* _Information provided_:
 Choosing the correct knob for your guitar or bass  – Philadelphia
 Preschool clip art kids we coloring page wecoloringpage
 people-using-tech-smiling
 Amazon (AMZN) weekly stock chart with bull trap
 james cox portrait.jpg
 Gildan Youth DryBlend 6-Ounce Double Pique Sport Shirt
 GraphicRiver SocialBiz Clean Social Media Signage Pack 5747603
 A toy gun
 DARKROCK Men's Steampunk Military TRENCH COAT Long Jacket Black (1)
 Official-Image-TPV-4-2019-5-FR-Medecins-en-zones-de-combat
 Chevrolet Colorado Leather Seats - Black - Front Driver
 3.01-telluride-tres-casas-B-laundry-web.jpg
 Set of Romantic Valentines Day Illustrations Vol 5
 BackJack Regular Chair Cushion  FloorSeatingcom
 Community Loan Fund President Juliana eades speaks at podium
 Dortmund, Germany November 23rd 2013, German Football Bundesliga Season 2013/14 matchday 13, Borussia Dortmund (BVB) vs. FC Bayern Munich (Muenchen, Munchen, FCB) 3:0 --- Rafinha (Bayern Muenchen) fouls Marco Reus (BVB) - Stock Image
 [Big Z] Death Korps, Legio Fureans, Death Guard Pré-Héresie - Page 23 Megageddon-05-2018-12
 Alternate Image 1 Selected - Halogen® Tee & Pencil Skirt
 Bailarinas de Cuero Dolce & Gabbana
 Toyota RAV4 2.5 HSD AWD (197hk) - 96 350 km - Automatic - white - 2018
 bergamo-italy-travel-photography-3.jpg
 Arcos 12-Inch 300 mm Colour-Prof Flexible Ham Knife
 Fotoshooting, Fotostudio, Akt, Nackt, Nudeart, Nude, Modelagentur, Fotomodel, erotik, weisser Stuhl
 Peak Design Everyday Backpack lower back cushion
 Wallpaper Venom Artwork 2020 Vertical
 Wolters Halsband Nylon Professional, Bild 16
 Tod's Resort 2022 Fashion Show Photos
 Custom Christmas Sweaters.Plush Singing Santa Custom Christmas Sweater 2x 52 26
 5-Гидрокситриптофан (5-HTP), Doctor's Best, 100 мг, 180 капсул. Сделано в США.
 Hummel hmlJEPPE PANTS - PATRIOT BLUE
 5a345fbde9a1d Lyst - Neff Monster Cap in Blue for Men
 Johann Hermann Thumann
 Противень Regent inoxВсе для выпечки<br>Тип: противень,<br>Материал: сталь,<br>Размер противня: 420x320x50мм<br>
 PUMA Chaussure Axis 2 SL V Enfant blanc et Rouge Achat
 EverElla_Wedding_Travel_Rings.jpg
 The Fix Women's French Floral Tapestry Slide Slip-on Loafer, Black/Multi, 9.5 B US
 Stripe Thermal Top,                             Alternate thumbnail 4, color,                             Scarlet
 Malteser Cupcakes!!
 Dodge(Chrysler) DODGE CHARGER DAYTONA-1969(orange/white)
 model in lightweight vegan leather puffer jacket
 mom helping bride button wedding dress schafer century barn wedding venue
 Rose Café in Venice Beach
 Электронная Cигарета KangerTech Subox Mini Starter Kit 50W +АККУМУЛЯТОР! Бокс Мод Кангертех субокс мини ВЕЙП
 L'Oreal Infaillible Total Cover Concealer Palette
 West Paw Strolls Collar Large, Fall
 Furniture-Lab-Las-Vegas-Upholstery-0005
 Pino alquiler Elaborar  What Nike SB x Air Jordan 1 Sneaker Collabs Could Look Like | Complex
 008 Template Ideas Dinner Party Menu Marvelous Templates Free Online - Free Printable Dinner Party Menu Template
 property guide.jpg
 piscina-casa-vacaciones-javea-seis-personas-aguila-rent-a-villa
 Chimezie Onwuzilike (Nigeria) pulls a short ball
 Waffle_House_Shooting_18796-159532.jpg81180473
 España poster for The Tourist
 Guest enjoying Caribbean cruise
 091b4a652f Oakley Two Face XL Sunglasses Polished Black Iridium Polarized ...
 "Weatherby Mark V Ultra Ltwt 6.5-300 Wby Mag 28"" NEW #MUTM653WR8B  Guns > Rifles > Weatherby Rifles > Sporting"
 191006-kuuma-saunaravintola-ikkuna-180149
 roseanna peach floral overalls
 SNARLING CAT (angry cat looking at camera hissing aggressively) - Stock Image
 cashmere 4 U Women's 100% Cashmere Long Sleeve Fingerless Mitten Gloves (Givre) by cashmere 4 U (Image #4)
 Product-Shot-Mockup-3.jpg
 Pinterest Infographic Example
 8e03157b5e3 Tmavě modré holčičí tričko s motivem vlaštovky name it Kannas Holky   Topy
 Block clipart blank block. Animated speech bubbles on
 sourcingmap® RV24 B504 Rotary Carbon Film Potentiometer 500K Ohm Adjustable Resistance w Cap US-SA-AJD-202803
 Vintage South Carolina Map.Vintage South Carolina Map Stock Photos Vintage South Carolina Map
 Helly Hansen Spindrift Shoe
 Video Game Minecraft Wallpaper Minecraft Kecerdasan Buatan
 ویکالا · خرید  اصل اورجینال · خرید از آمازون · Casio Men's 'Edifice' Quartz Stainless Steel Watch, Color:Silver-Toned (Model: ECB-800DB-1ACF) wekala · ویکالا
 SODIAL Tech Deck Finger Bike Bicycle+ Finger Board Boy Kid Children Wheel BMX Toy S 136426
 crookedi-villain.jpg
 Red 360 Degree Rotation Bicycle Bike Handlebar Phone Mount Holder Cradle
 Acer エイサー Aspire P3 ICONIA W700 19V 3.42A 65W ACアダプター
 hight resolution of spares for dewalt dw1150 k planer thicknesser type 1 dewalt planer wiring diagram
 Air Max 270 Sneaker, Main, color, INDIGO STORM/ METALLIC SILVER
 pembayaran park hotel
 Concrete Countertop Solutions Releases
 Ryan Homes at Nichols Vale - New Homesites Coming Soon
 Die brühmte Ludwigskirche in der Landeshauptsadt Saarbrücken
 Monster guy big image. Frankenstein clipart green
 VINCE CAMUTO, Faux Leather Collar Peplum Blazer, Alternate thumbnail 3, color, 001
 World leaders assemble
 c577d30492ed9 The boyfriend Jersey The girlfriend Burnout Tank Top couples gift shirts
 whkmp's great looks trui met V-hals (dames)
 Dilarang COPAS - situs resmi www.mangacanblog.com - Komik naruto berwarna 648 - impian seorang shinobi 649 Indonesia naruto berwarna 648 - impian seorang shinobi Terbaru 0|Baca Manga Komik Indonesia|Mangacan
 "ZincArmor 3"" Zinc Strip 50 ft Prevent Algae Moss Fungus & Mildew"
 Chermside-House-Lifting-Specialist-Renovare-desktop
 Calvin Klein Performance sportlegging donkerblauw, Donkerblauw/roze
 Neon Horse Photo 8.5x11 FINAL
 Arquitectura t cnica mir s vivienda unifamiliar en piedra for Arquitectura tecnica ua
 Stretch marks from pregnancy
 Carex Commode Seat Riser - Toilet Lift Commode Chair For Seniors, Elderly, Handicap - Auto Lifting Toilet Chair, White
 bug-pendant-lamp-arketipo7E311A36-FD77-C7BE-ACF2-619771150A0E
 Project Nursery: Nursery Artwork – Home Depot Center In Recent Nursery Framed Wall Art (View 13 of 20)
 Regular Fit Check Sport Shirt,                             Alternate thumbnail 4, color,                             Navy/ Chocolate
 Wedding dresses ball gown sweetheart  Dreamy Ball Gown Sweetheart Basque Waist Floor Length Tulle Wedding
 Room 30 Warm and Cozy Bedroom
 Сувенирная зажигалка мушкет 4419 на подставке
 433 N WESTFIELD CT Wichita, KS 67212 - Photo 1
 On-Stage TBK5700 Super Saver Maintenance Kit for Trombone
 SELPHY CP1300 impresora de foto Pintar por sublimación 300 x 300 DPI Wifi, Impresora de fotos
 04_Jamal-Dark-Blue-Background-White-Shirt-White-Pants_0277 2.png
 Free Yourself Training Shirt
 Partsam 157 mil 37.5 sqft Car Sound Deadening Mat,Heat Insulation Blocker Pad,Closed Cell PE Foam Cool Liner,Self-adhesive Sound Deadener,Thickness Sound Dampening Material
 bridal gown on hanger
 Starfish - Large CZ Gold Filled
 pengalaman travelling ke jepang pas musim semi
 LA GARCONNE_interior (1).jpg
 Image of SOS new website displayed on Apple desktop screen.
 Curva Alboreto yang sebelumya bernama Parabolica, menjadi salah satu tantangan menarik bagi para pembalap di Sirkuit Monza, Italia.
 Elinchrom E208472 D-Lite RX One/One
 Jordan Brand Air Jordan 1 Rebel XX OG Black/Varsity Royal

* _To do_:
Up to and including the line with "james cox portrait.jpg", output every line of the records above exactly, starting from the first; output nothing else.

* _Result for this task_:
 Choosing the correct knob for your guitar or bass  – Philadelphia
 Preschool clip art kids we coloring page wecoloringpage
 people-using-tech-smiling
 Amazon (AMZN) weekly stock chart with bull trap
 james cox portrait.jpg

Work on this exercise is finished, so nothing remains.